2015 Gohap34826 Compensation (as stated)

Plaintiff

○ ○

Seoul Mapo-gu World Cup 36 Street

Attorney Han-chul et al., Counsel for the defendant

1. Lighting ○;

2. Round;

Defendants’ Address, Mapo-gu Seoul Mapo-gu World Cup 235, 200

Si Young Apartment)

Conclusion of Pleadings

September 8, 2016

Imposition of Judgment

October 13, 2016

Text

1. The plaintiff's claims against the defendants are all dismissed.

2. The costs of lawsuit shall be borne by the Plaintiff.

Purport of claim

The defendants are engaged in cosmetic business or third parties until October 31, 2024 in Seoul Special Metropolitan City area.

No license shall be allowed to run the cosmetic business.

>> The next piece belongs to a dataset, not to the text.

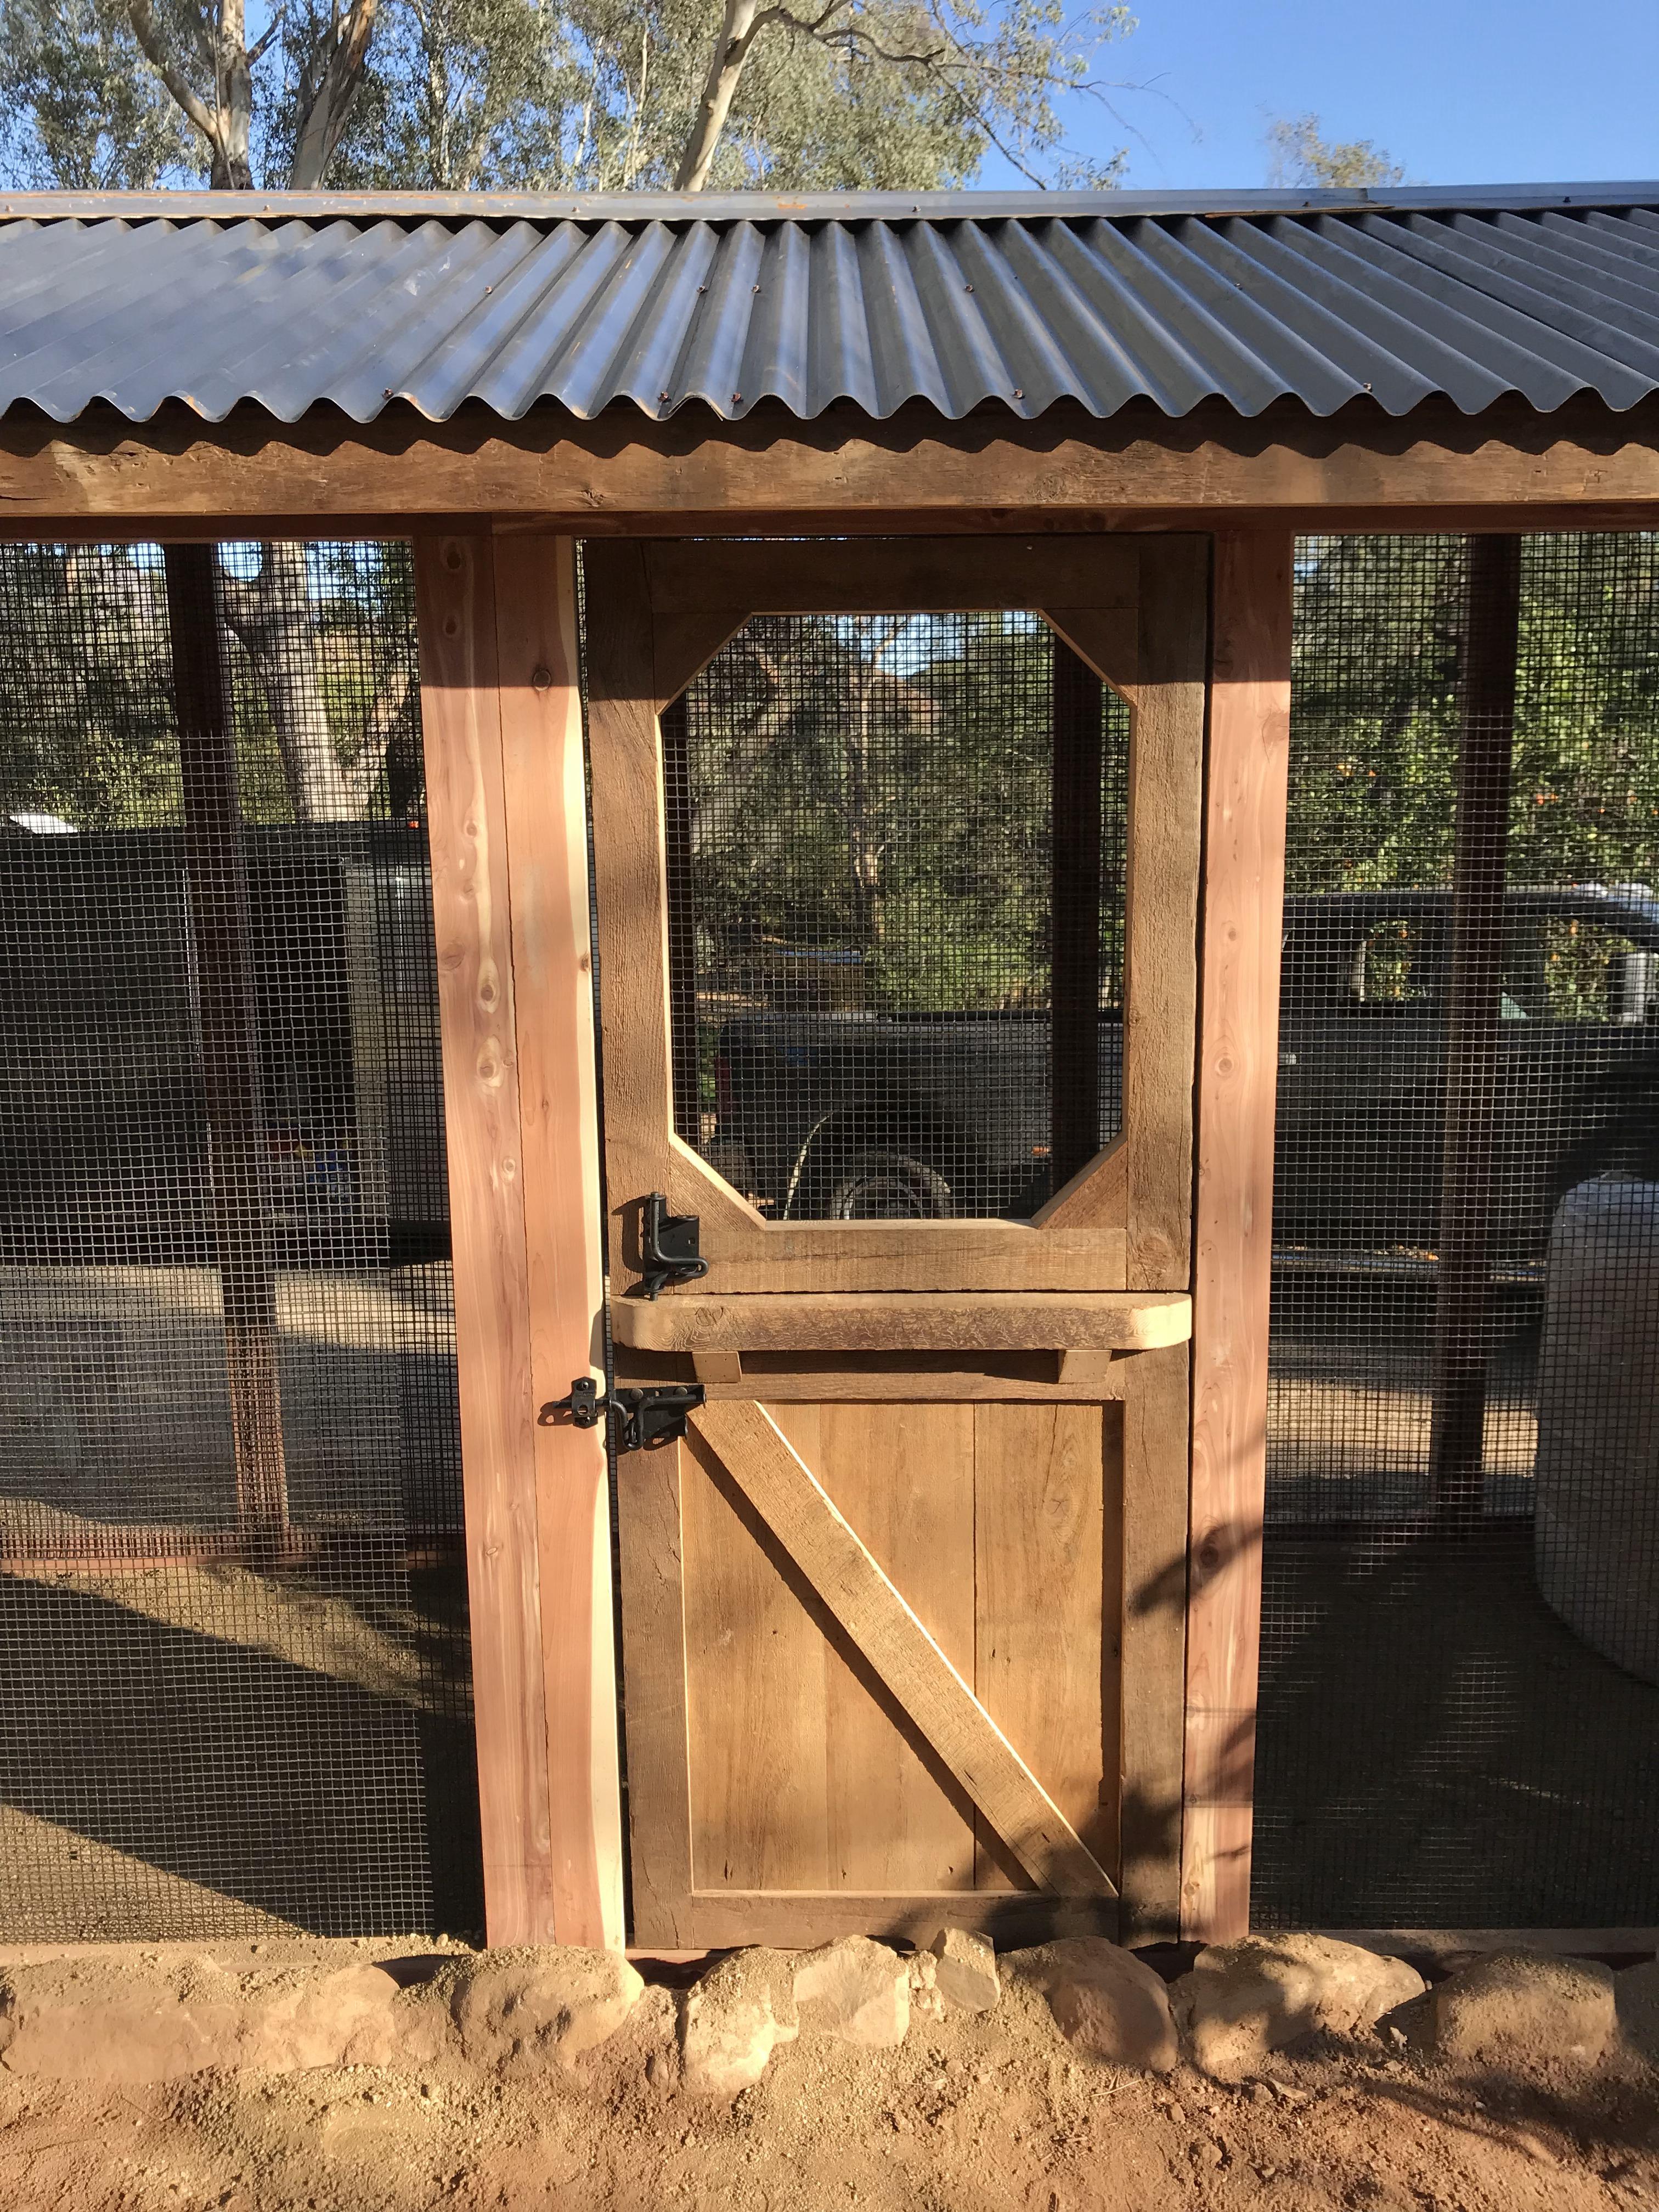 Red cedar reclaimed barn wood in Ojai, CA

The Defendants shall each of the Plaintiff KRW 77,00,000 and KRW 000.

For this, 5% per annum from January 4, 2015 to the service date of a copy of the complaint in this case, and from the following day:

C. By the day of full payment, 20% interest per annum shall be paid.

Reasons

1. Basic facts

A. From July 2010 to October 30, 2014, the Defendants, both married and married, operated the cosmetic room with the trade name of “○○○○○○○○” (hereinafter “instant cosmetic room”).

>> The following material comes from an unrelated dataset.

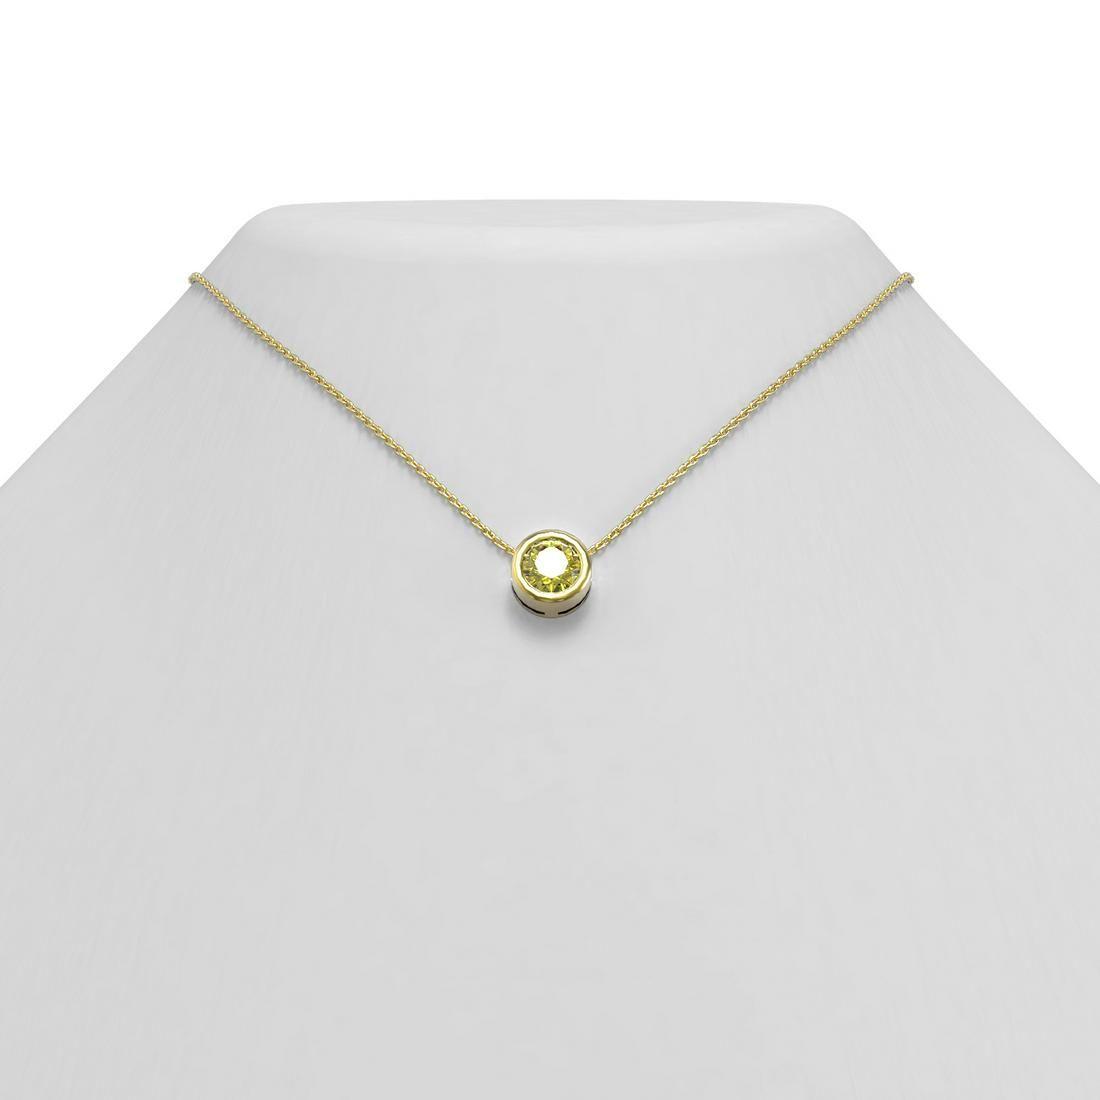 1 ctw Fancy Yellow Diamond Necklace 18K Yellow Gold -

B. On September 4, 2014, in order to operate the cosmetic of this case at the instant store, the Plaintiff: (a) transferred all the facilities, such as the equipment of the cosmetic of this case, to KRW 77,00,000,000,000 on the day of the contract; (b) paid KRW 8,000,000 on October 9, 2014; and (c) agreed that the payment date of the remaining amount of rights may be extended by October 30, 2014 (hereinafter “instant contract”).

C. On October 28, 2014, the Plaintiff entered into a lease agreement between Ma○○ and Ma○○ with respect to the instant store with a rental deposit of KRW 33 million, monthly rent of KRW 1.65 million, and period of lease from November 1, 2014 to November 1, 2016. At that time, the Plaintiff, instead of directly paying the said rental deposit of KRW 33 million to the pre-existing lessee, was to pay KRW 33 million to the pre-existing lessee instead of paying the said deposit.

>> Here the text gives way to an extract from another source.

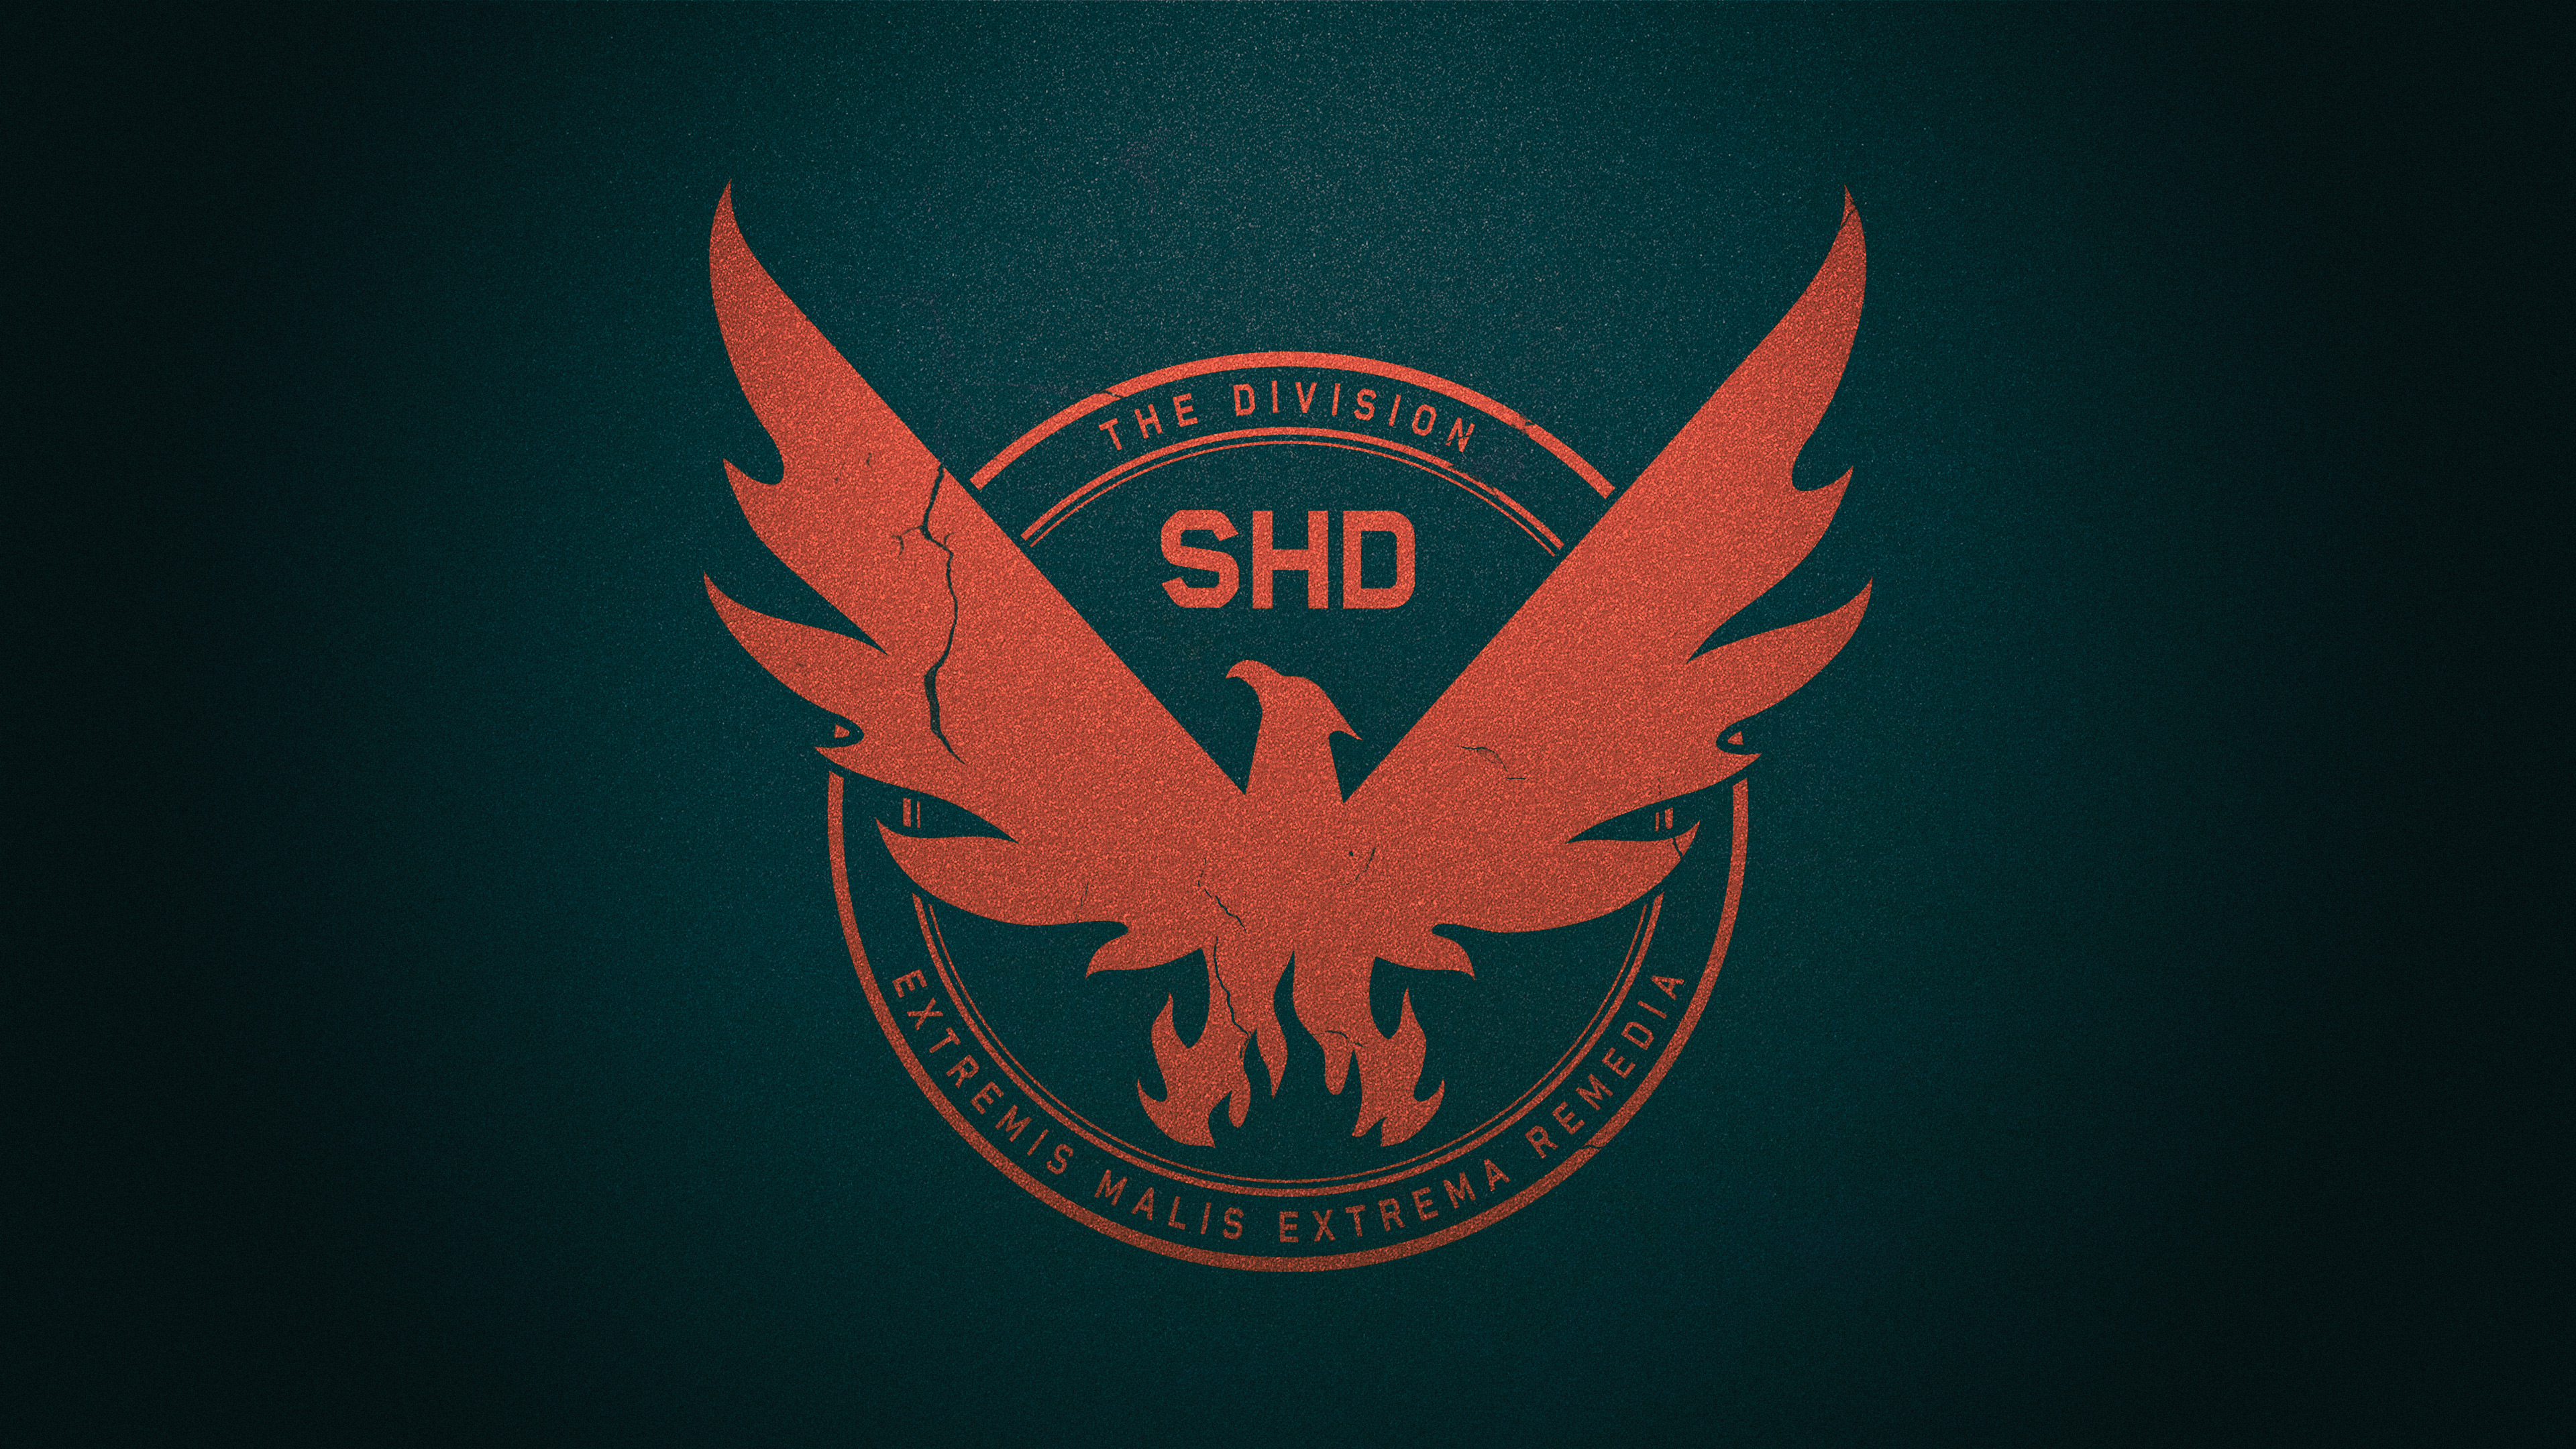 The Division 2 Phoenix 4k Wallpaper Hd Games 4k Wallpapers

D. After that, on October 30, 2014, Defendant No. ○○, representing the Plaintiff and the Defendants, concluded a transfer contract with the purchase price of KRW 110 million, including the above KRW 30 million in total, which the Plaintiff paid to the Defendants instead of direct payment to the lessor ○○○, and KRW 70 million in total, as stated in the above paragraph (b) (hereinafter “instant transfer contract”). Accordingly, the transfer contract of this case was concluded (hereinafter “instant transfer contract”).

around that time, the Plaintiff paid the said KRW 10 million to the Defendants, and continued to use the trade name “○○○○○○○○○” at the instant store after reporting the change of the business operator from October 31, 2014, and operated the beauty room.

E. On the other hand, around January 4, 2015, the Defendants opened a beauty room in the name of approximately 390 meters away from the beauty room of this case, "Seongsan 2-dong, Mapo-gu, Seoul."

[Ground of recognition] Facts without dispute, Gap evidence Nos. 1 and 4, Gap evidence Nos. 2, 5 and 10, and the purport of the whole pleadings

2. The plaintiff's assertion and judgment

A. The plaintiff's assertion

As the transfer of the cosmetic constitutes a business transfer under the Commercial Act, the Defendants are obliged not to engage in competitive business in Seoul where the cosmetic is located under Article 41(1) of the Commercial Act. Nevertheless, the Defendants are obliged to pay KRW 70 million in total, including KRW 50,700,000,000 for the Plaintiff’s operating loss of business due to breach of the duty to prohibit competitive business, and KRW 77,000,000,000,000,000,000,000,000,000,000,000,000,000,000,000,000,000,000,000,000,000,000,000,000 won.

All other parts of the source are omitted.